Arsenal manager Arsene Wenger has hinted the side are not quite done in their summer transfer endeavours just yet, leaving the door open for further additions to his squad, which may include Real Madrid's Sami Khedira.
Speaking to Sky Sports after the Gunners' 2-0 preseason opening win over Boreham Wood, the Frenchman was asked if there will be more to come after the signings of Alexis Sanchez and Mathieu Debuchy, responding:
It's not over, there's still a long way to go. I can't give you any names because you're never sure if you can do what you want, but we're still out there to strengthen our squad."
We have big competition in midfield, but we have many players who didn't play many games last year - Alex Oxlade-Chamberlain, Jack Wilshere, Abou Diaby. They're back now but it's very difficult to predict how fit they will be at the start of the season.

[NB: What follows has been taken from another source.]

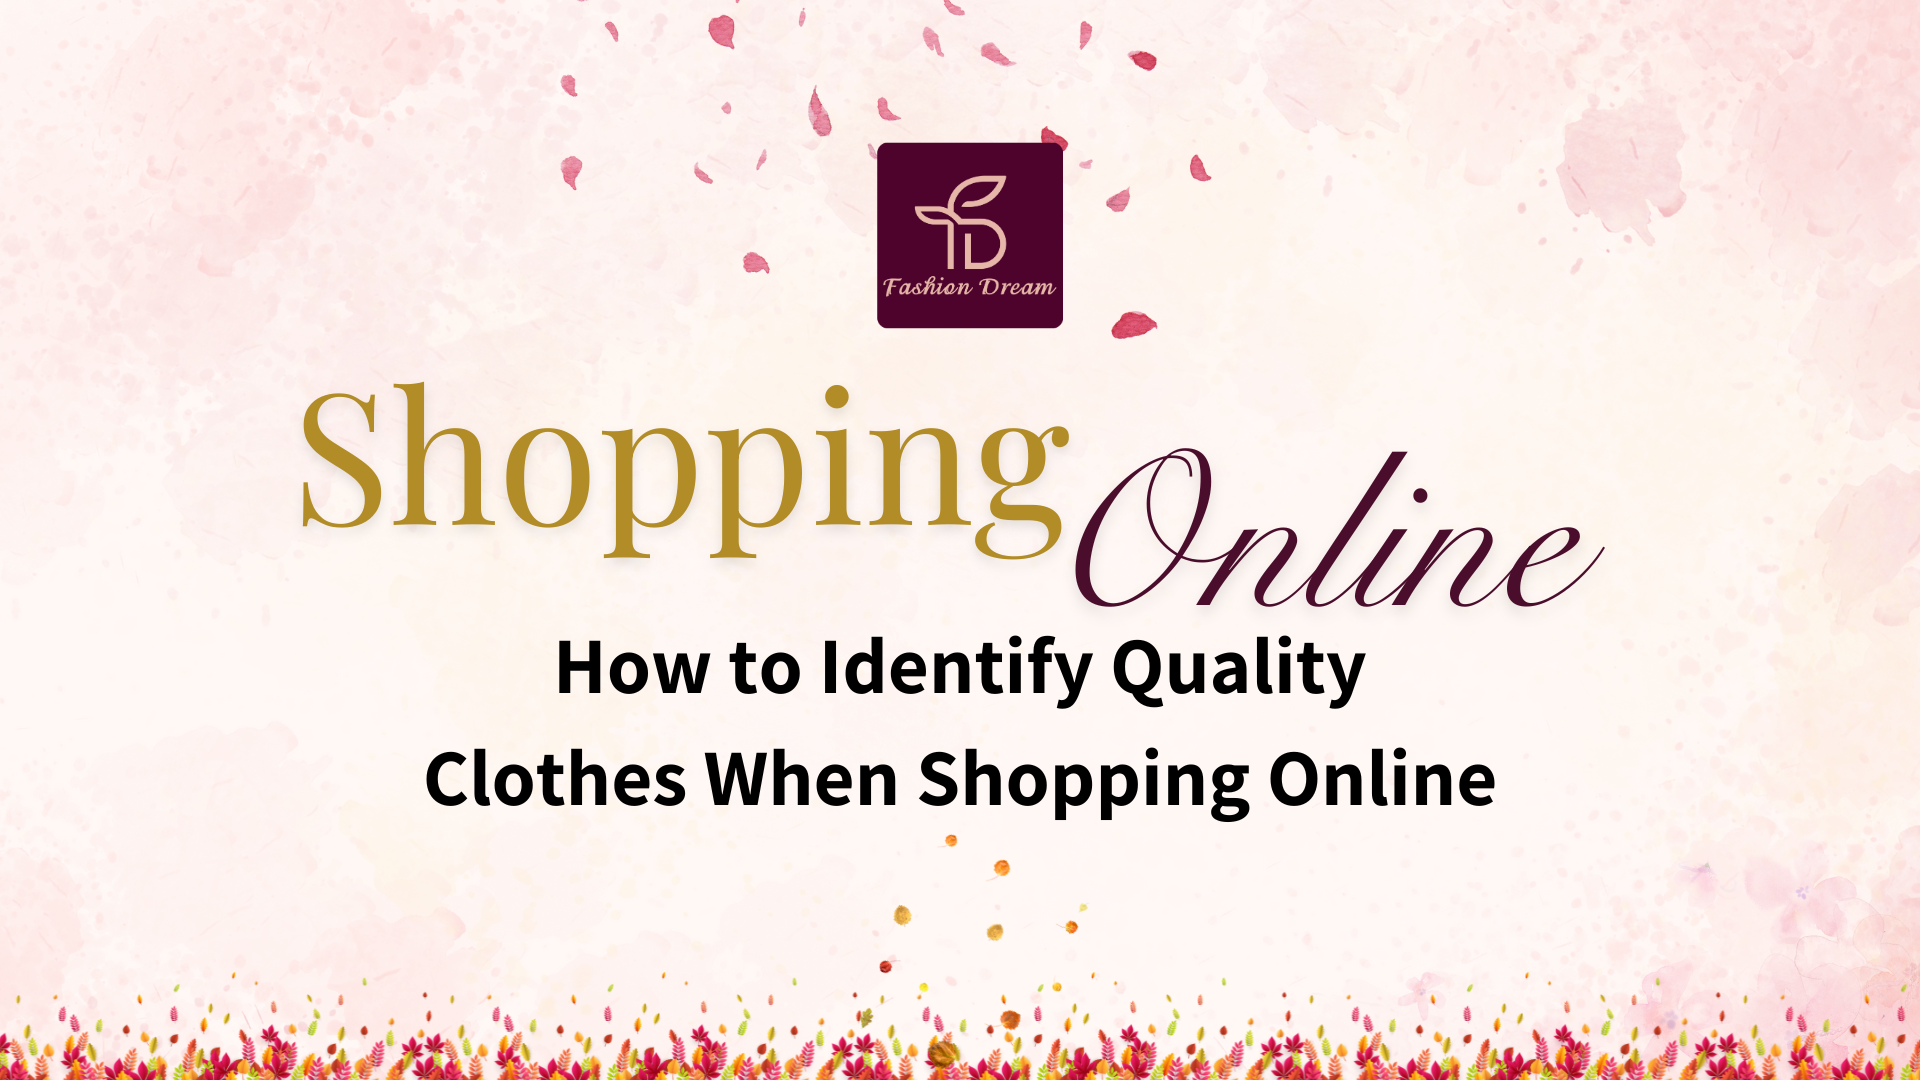 Blog shopping online

Aaron Ramsey—who featured in Saturday's friendly win, was another name absent for key stages in the the club's 2013-14 campaign, which experienced a downward spiral in conjunction with the Welshman's injury.
Earlier this week, it was reported by Metro that Arsenal had agreed a £19.8 million deal for Khedira's services, only for the midfielder's agent Jorg Neubauer to refute such claims, per Simon Jones of the Daily Mail:
We are not in talks with Arsenal. I don’t think a fee can have been agreed, otherwise I would have been told. We are talking to Real Madrid about his contract, but nothing is close to being decided. Sami has just returned from the World Cup and has gone on holiday.

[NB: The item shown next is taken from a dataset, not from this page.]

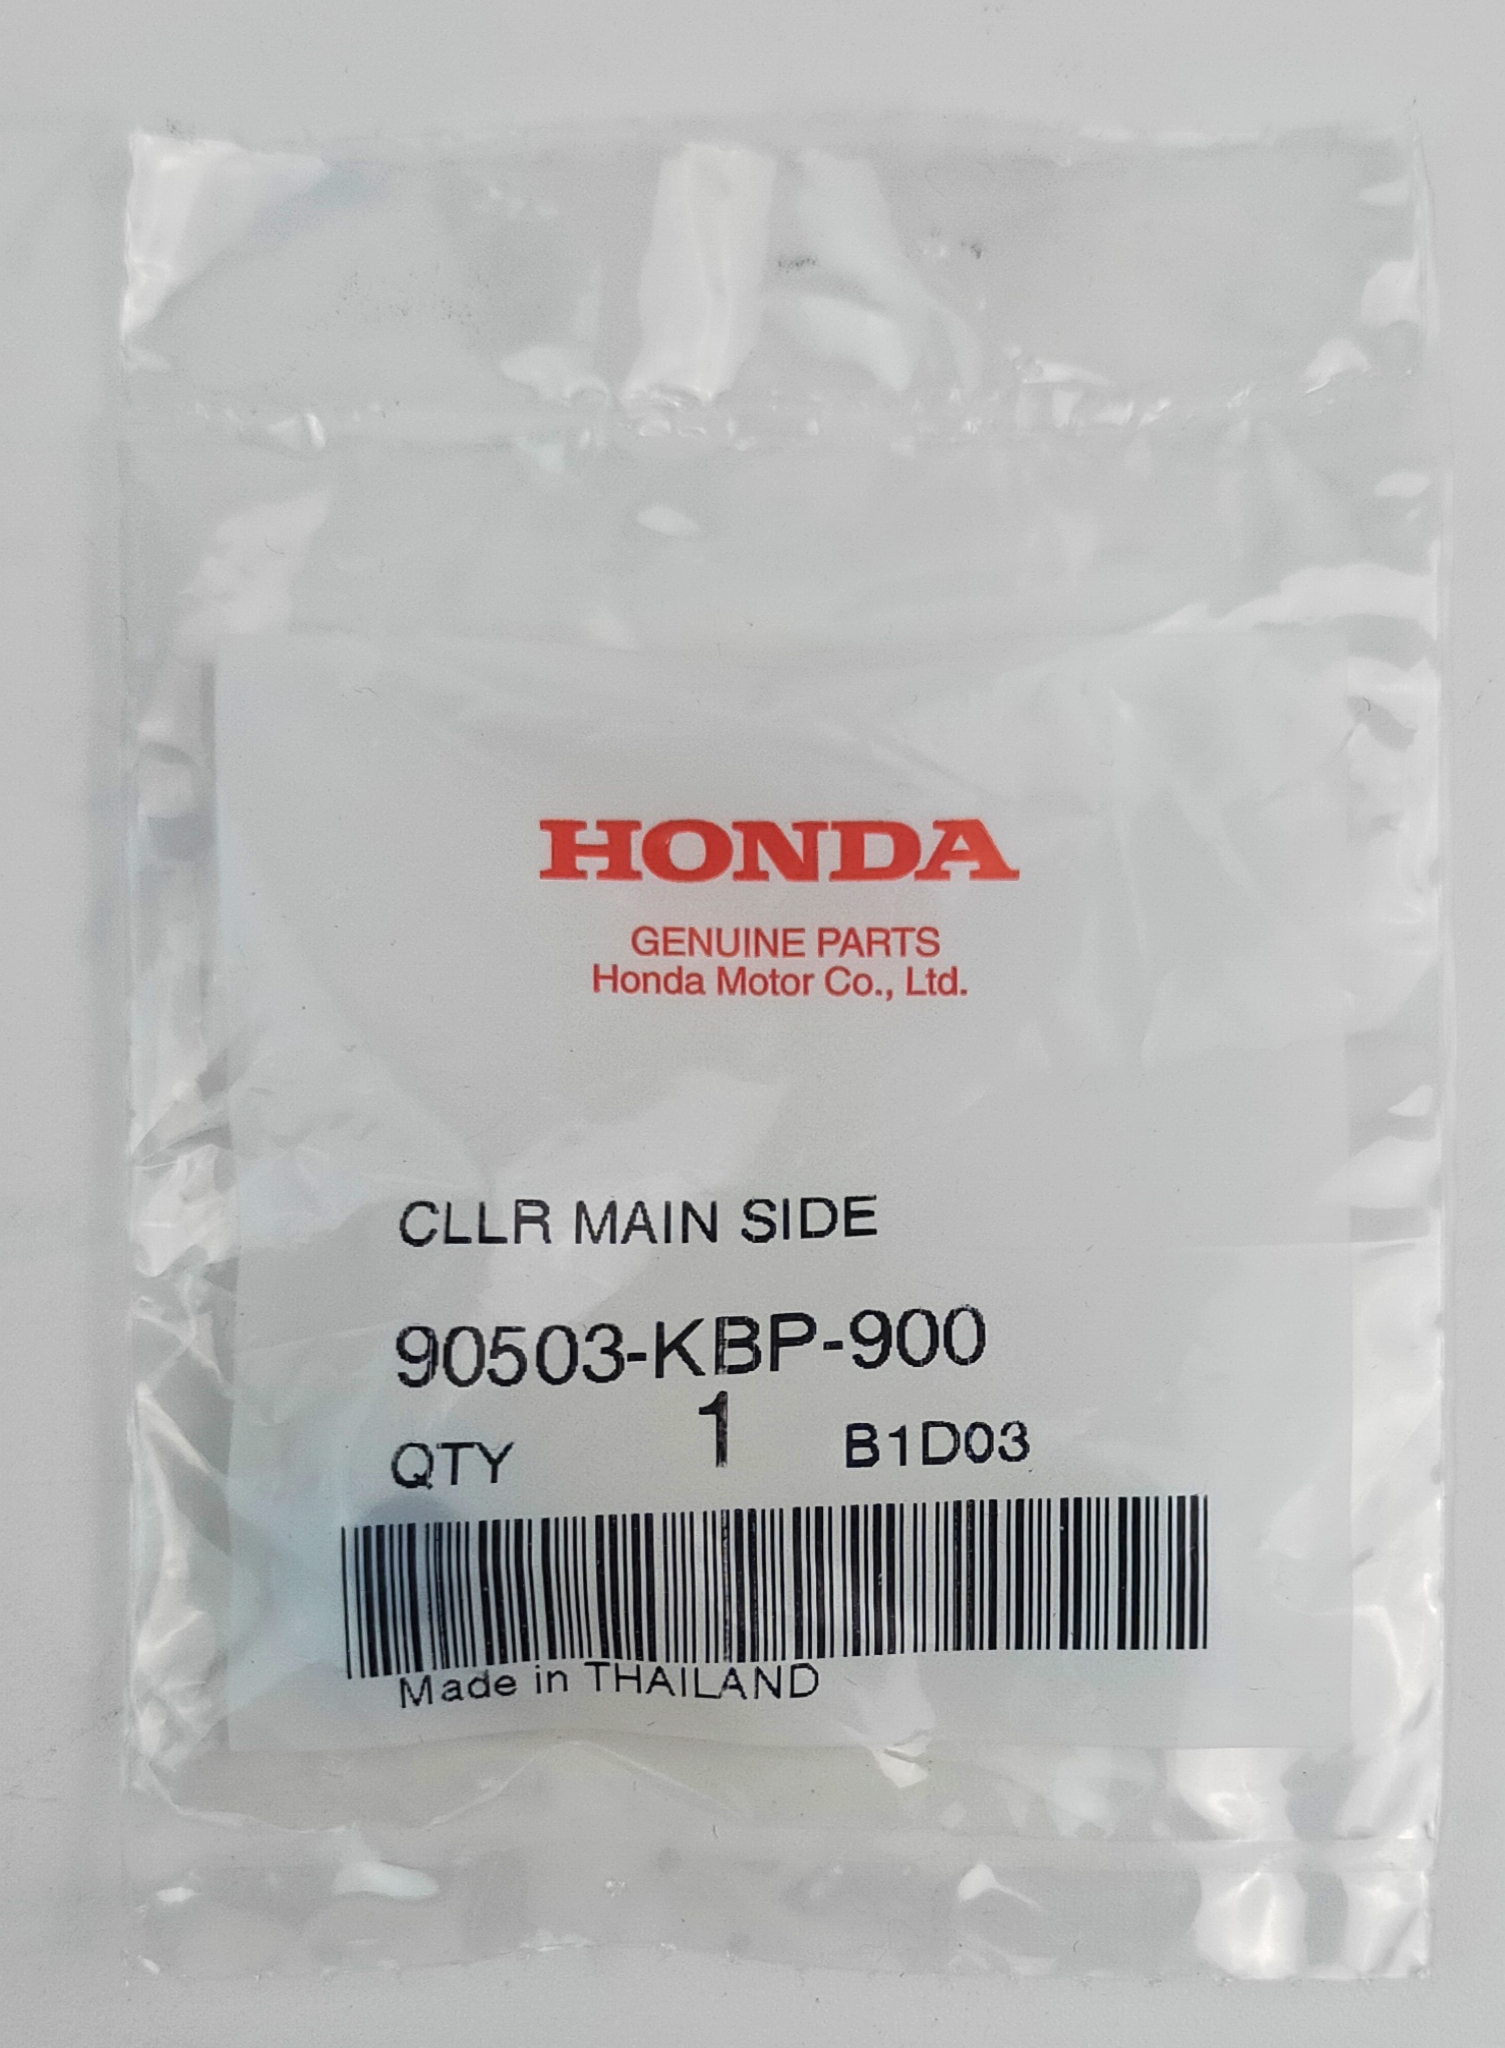 90503-KBP-900 ปลอกรอง Honda แท้ศูนย์

A potential deal-breaker in negotiations as things stand is Khedira's wage requirements, which Jones claims are at the £180,000-a-week mark, while Metro says it's closer to £150,000-a-week.
Either sum would be difficult for the North Londoners to match, but to hear Wenger is at least aware of his shortcomings in midfield may well be seen as a positive for fans.
Ian Abrahams of talkSPORT says the salary situation has left Arsenal looking at alternative options:
But the same will undoubtedly have been said for Mesut Ozil and indeed Sanchez, too, both of whom will be on wages which, in the past, it may seemed improbable the club would ever pay out.
Granted, the Gunners won't be matching the likes of Manchester City or Chelsea to that extent any time soon, but to rule out Khedira's arrival altogether would seem irrational under the emerging policies.
At present, Mikel Arteta and Mathieu Flamini are perhaps the closest things Wenger has to the kind of box-to-box presence he requires. The likes of Wilshere, Ramsey, Tomas Rosicky and Diaby (when fit) may bring creativity, but there's a lack of physicality in this team's core at times.
Depending on how long Khedira's situation at Real Madrid drags on, the player may open up more to the idea of an exit, with just a year left on his Bernabeu contract and competition even tougher following the arrival of fellow World Cup winner Toni Kroos.
The waiting game is a ploy Wenger and Arsenal as a collective will be familiar with in their hunt for cut-price deals, and while others may snap at the first offer, the Emirates outfit may be prudent in choosing to see how Khedira's stance progresses.